Ms. Smith-Fraser said nothing, knowing she couldn’t reveal that she was a woman, alone inside.

Her windows were open an inch, to let fresh air into the often-stifling van. She heard the sound of someone prying open a window. She lowered her voice to the manliest level she could muster. “Get away from my van,” she growled. “You’re on camera.”

“Oh, wrong van,” said a man. Ms. Smith-Fraser clambered into the driver’s seat, turned the key and drove off, in search of a safer and quieter place to park.

In one reel posted on social media, she captures an interaction with police as they roll up to her in a public park, curious about who she is and what she’s up to.

Ms. Smith-Fraser, relaxing with the back doors flung open, blasts that popular Rockwell song, “I always feel like somebody’s watching me.”

“You like that?” she said to the police officer through his rolled-down window. Their exchange is relaxed but also drives home the extra surveillance and suspicion Ms. Smith-Fraser faces every day for living in her “mobile” home.

To most, a life packed into nine square metres would feel constricting.
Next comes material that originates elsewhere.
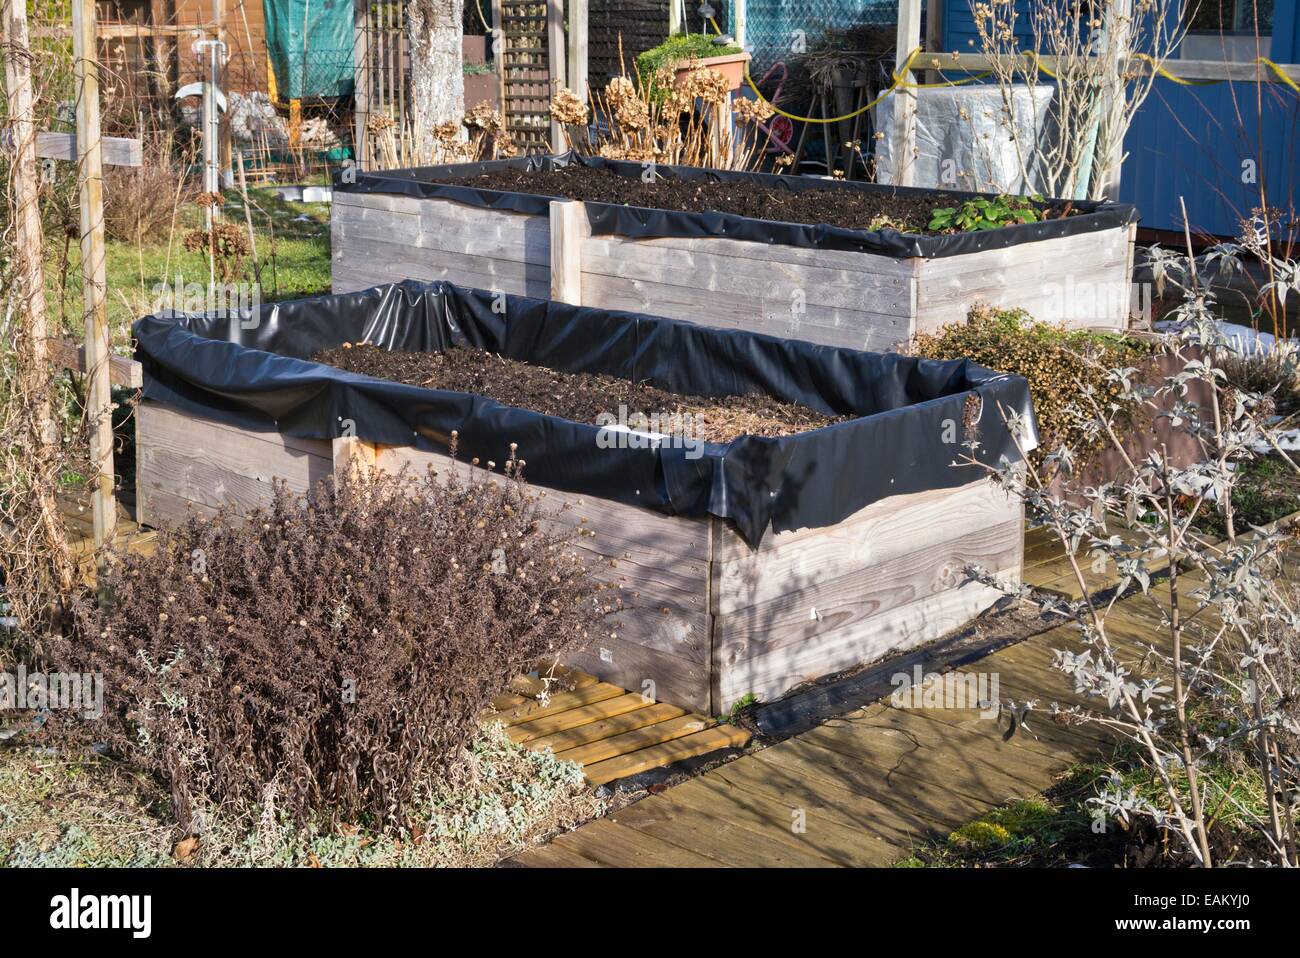 Raised beds in a wintery allotment garden Stock Photo

But Ms. Smith-Fraser says it gives her freedom: She’s not spending all of her earnings on rent and has money to travel. Nothing beats sleeping to the sound of the rain pelting the top of the van. Or eating dinner every night by the ocean.

But the world around her hasn’t quite accepted it. A year in, friends and colleagues are still quizzical about her life. “Are you going to look for an apartment now?”

“No. Why would I?” Ms. Smith-Fraser says. “I have a home.”